Voltage plays a dominant role in dynamic power consumption via CV2. Reductions in voltage, even if minor, can lead to a quadratic reduction in power. Fusion Compiler’s VoltOpt feature enables voltage-based analysis and optimization, and it can be used in the implementation phase to reveal the minimum voltage required to maintain the same timing/area. Once Vmin is identified, designers can redesign their logic to operate at this lower voltage, significantly reducing power. Tools such as Synopsys PrimeShield™ can be used for voltage slack/robustness analysis to ensure that Vmin qualified by VoltOpt is optimal.
Timing/Power ECO using PrimeClosure will be the last piece of the puzzle in squeezing last nW of power before tapeout.
A signoff-level power analysis tool, such as PrimePower, is key to determining any available power recovery at the end of the cycle. This provides developers with a view of the power they will see in the final silicon.
Power optimisation through Silicon Lifecycle Management (SLM)

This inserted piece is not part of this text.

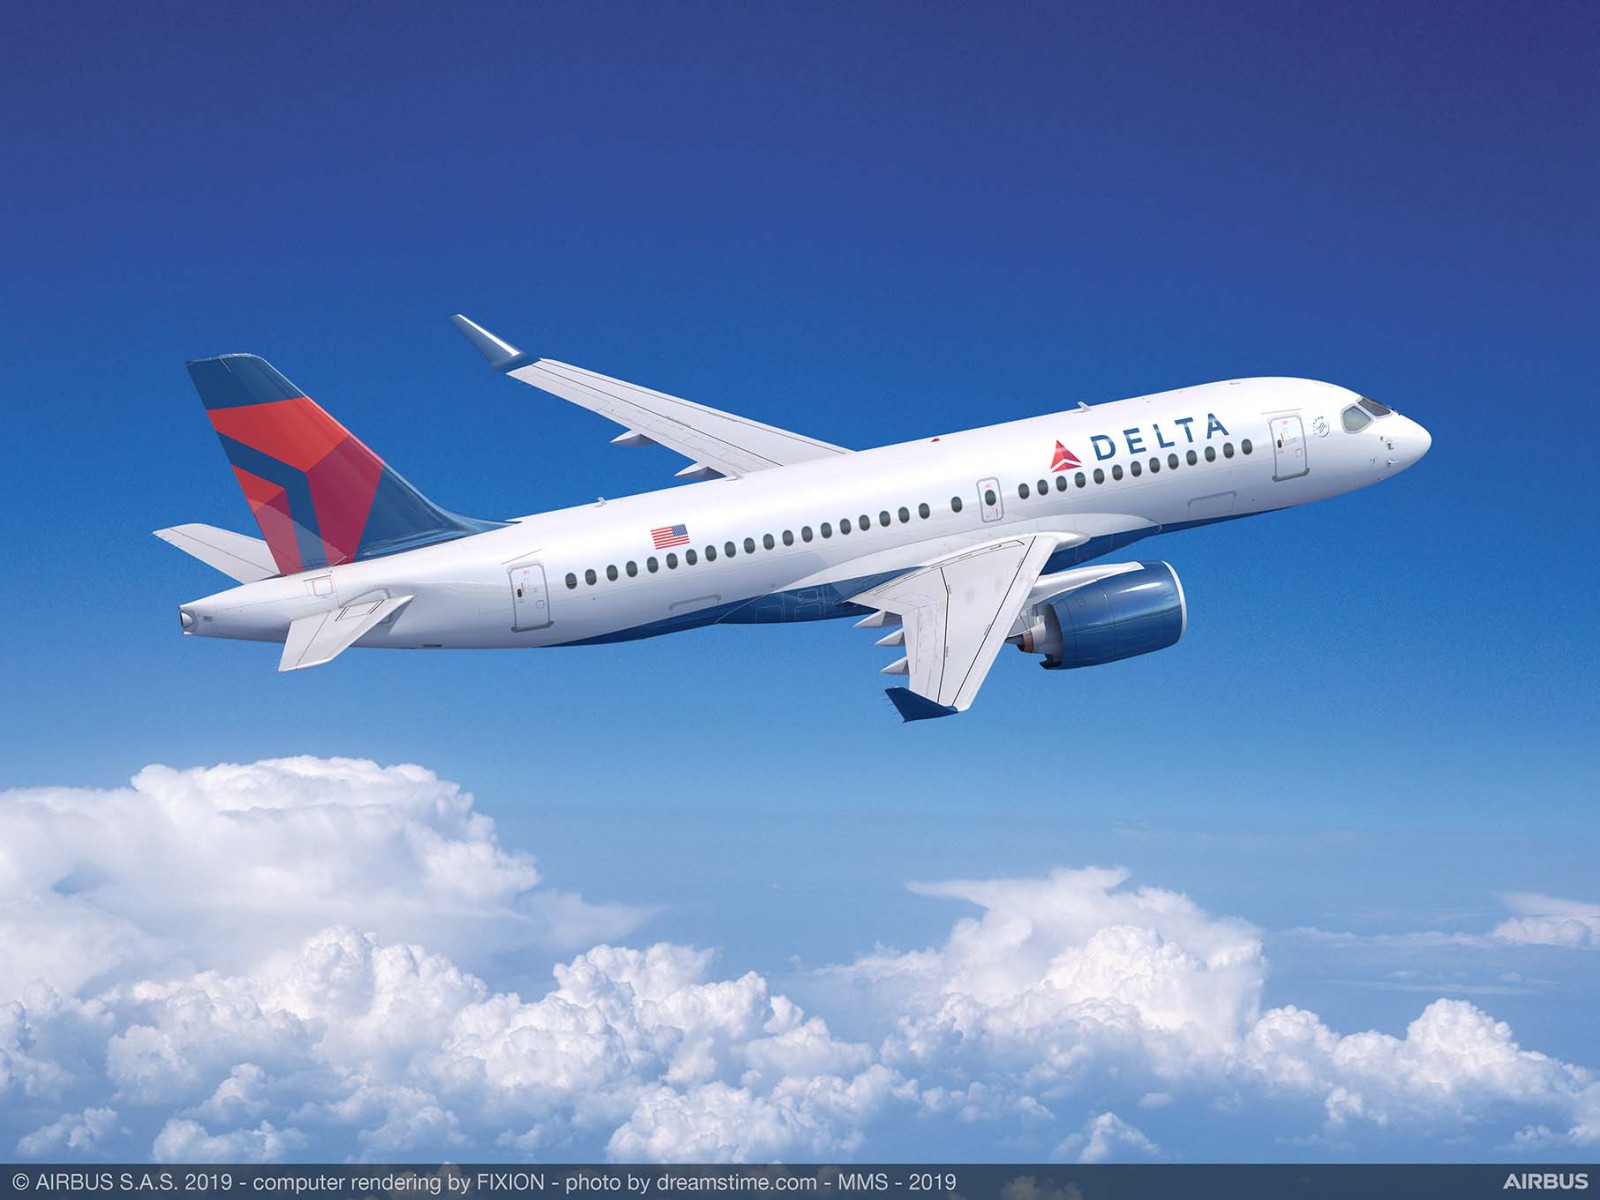 Delta gives its A220s extra legs and orders five more - Airline Ratings

The performance of a silicon chip does not remain constant over its operating life. Aging effects in the silicon structures and factors in the system operating environment change the performance characteristics of the device over time. Silicon Lifecycle Management (SLM) provides a data collection, analysis and control environment to monitor these effects and implement corrective actions in the field at a unit device level. The result is a far more stable and secure performance of the silicon device and overall system over time. Synopsys’ integrated SLM family of products is built on a foundation of enriched in-chip observability, analytics and integrated automation and improves silicon health and operational metrics at every phase of the device lifecycle.
Through monitoring, deep insights are obtained from silicon to system, enabling meaningful data collection at every opportunity for continuous analysis and actionable feedback.
Summary
The escalating demands of AI workloads require a fundamental shift in AI chip development - one that prioritizes power efficiency from the inception of the architectural design. Power modeling is a key power analysis and optimization challenge for multi-die design. The limitations imposed by thermal constraints in multi-die systems, the energy drain of extensive data movement, and the imperative for workload-specific hardware and software optimization underscore the critical need for early and continuous power analysis and mitigation.
Synopsys’ comprehensive suite of tools and the tangible results achieved by innovators like SiMa.ai demonstrate that a proactive, shift-left methodology, coupled with robust power analysis and optimization throughout the design life cycle, is not merely advantageous but essential for achieving the high-performance, energy-conscious AI chips necessary in this new era of artificial intelligence.